Een driewerf schande!
Vastgesteld kan worden dat de grote namen die destijds aanzaten aan de Ronde Tafel Paleis Soestdijk de grote cultuurhistorische waarde van de buitenplaats Soestdijk niet hebben onderkend. Hoe kan anders verklaard worden dat zij de oorspronkelijk rond 1650 door de Amsterdamse burgemeester Cornelis de Graeff op de grens van Baarn en Soest gebouwde hofstede in handen hebben gegeven van een projectontwikkelaar annex evenementenbureau?
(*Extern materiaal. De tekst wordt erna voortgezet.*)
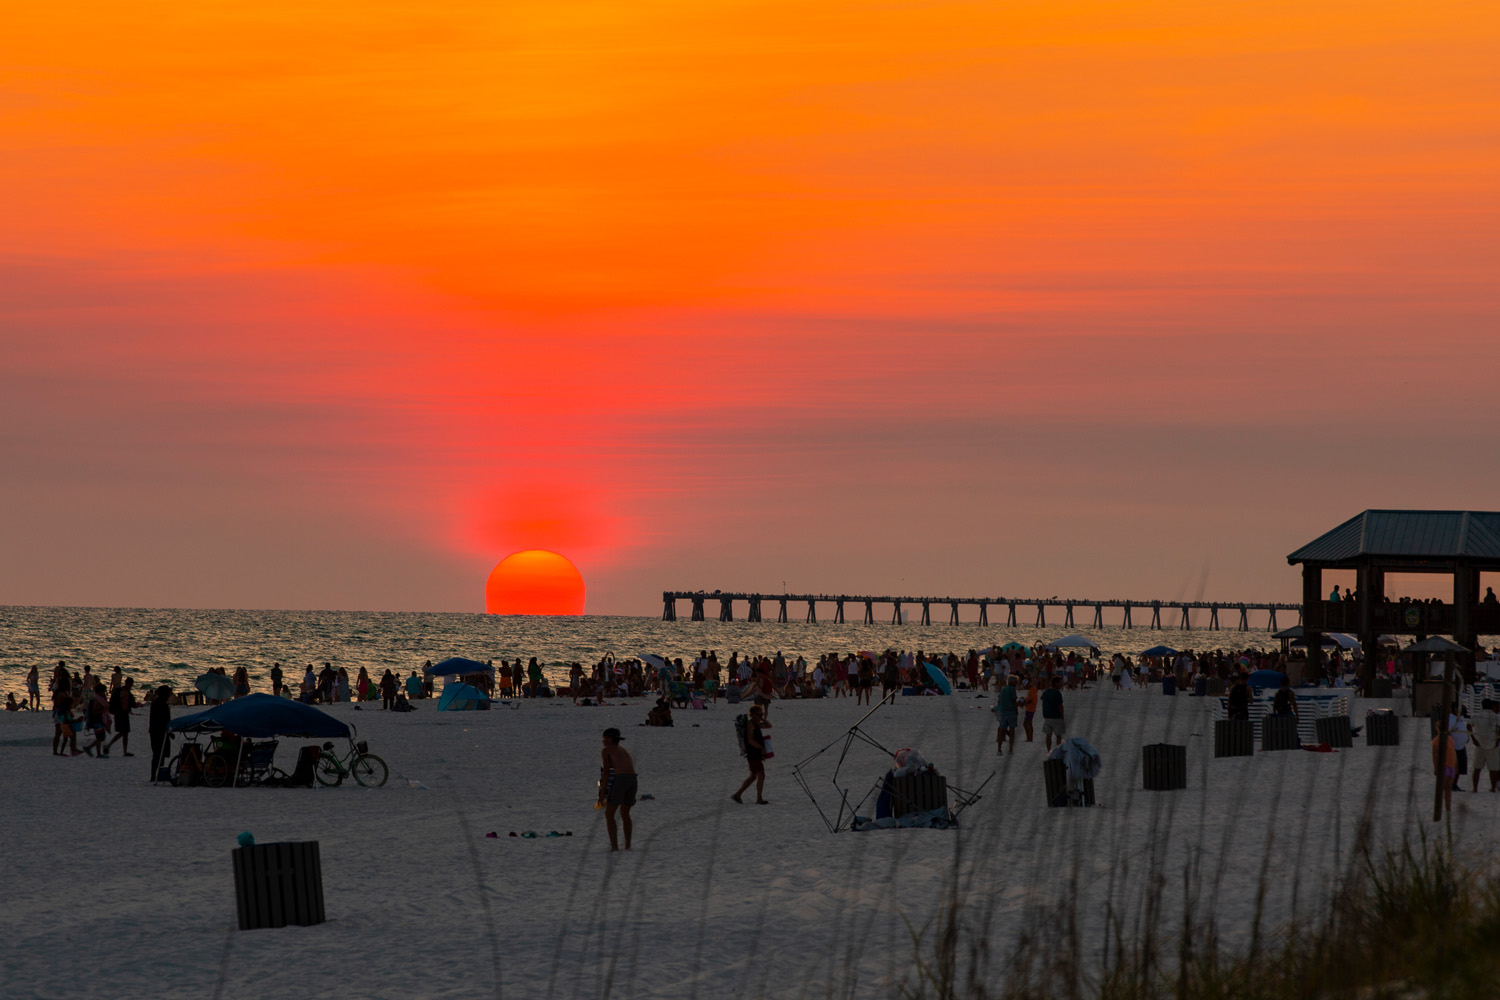 About us, off season reasons to stay in Panama City beach.
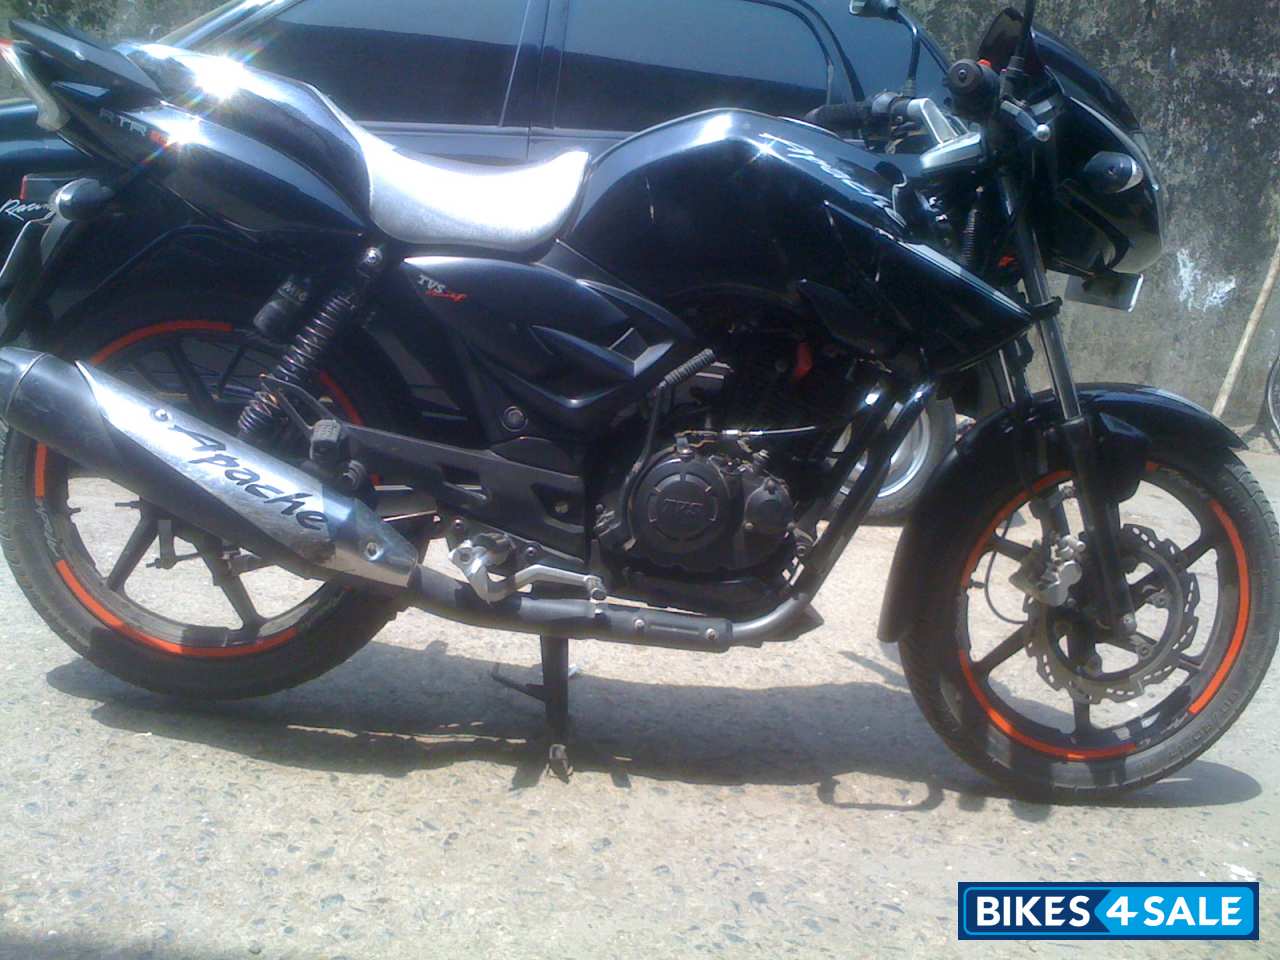 Used 08 Model Tvs Apache Rtr 160 For Sale In Mumbai Id Black Colour Bikes4sale

Alleen al het feit dat de hofstede in 1674 in eigendom kwam van stadhouder Willem III van Oranje en behoudens de Franse Tijd in Nederland die duurde van 1795 tot 1813 steeds een nauwe relatie heeft onderhouden met de Oranjes, maakt dat de buitenplaats Soestdijk een belangrijk onderdeel is van het nationale cultuurgoed. Daarbij, zou er een land te bedenken zijn dat een voormalig koninklijk paleis zou verpatsen aan een marktpartij?
Al met al is er met het aangepast plan Made by Holland een beschamende toekomst weggelegd voor de eeuwenoude buitenplaats, ook al omdat die gelegen is binnen het Natuurnetwerk Nederland. Een driewerf schande is hier dan ook op zijn plaats!